T. Henry Wilson Jr. Field
- Interactive map of T. Henry Wilson Jr. Field
- Former names: Wildcat Park
- Location: 202 Martin Court Drive, Davidson, NC, USA
- Coordinates: 35°30′14″N 80°50′28″W﻿ / ﻿35.503753°N 80.841208°W
- Owner: Davidson College
- Capacity: 700
- Surface: Natural grass
- Scoreboard: Electronic
- Field size: 320 ft. (LF), 385 (CF), 325 ft. (RF)

Construction
- Opened: March 19, 1967
- Renovated: 2003, 2005, 2009

Tenant
- Davidson Wildcats baseball (2001–present)

= T. Henry Wilson Jr. Field =

Baseball venue in Davidson, North Carolina

T. Henry Wilson Jr. Field is a baseball venue located in Davidson, North Carolina, United States. It is home to the Davidson Wildcats baseball team, a member of the Division I Atlantic-10 Conference. It has a capacity of 700 spectators.

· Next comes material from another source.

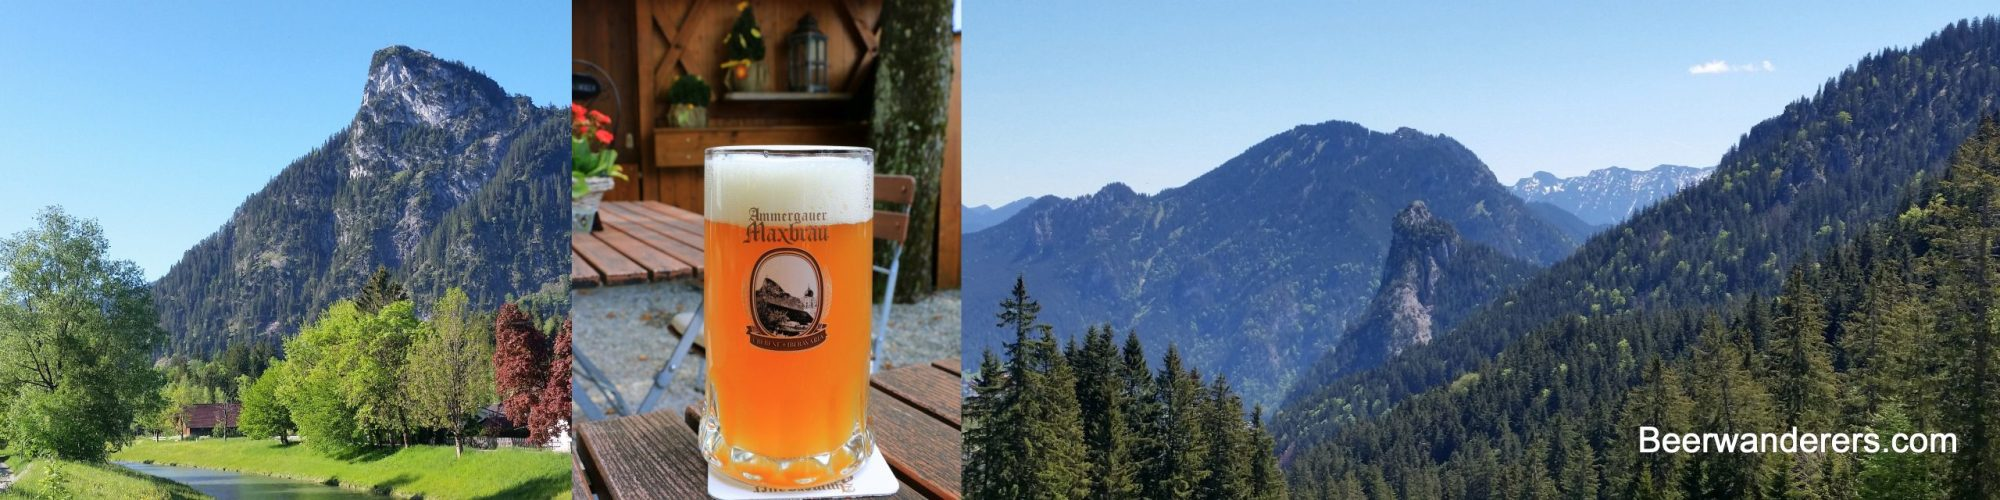 mountain peak beer mountains

The field opened in 1967 as Wildcat Park, with the first game being held on March 19, 1967. On March 19, 2005, the venue was renamed after T. Henry Wilson Jr., class of 1951. Wilson played both baseball and football at Davidson, and a donation by his family made significant renovations to the field possible.

In 2003, lights were installed at the facility, allowing the first night games to be played at then-Wildcat Park. In 2005, after a donation from the Wilson family, new bleachers, infield, concession stands, and a press box were added. In 2009, an indoor practice facility outside the field was completed.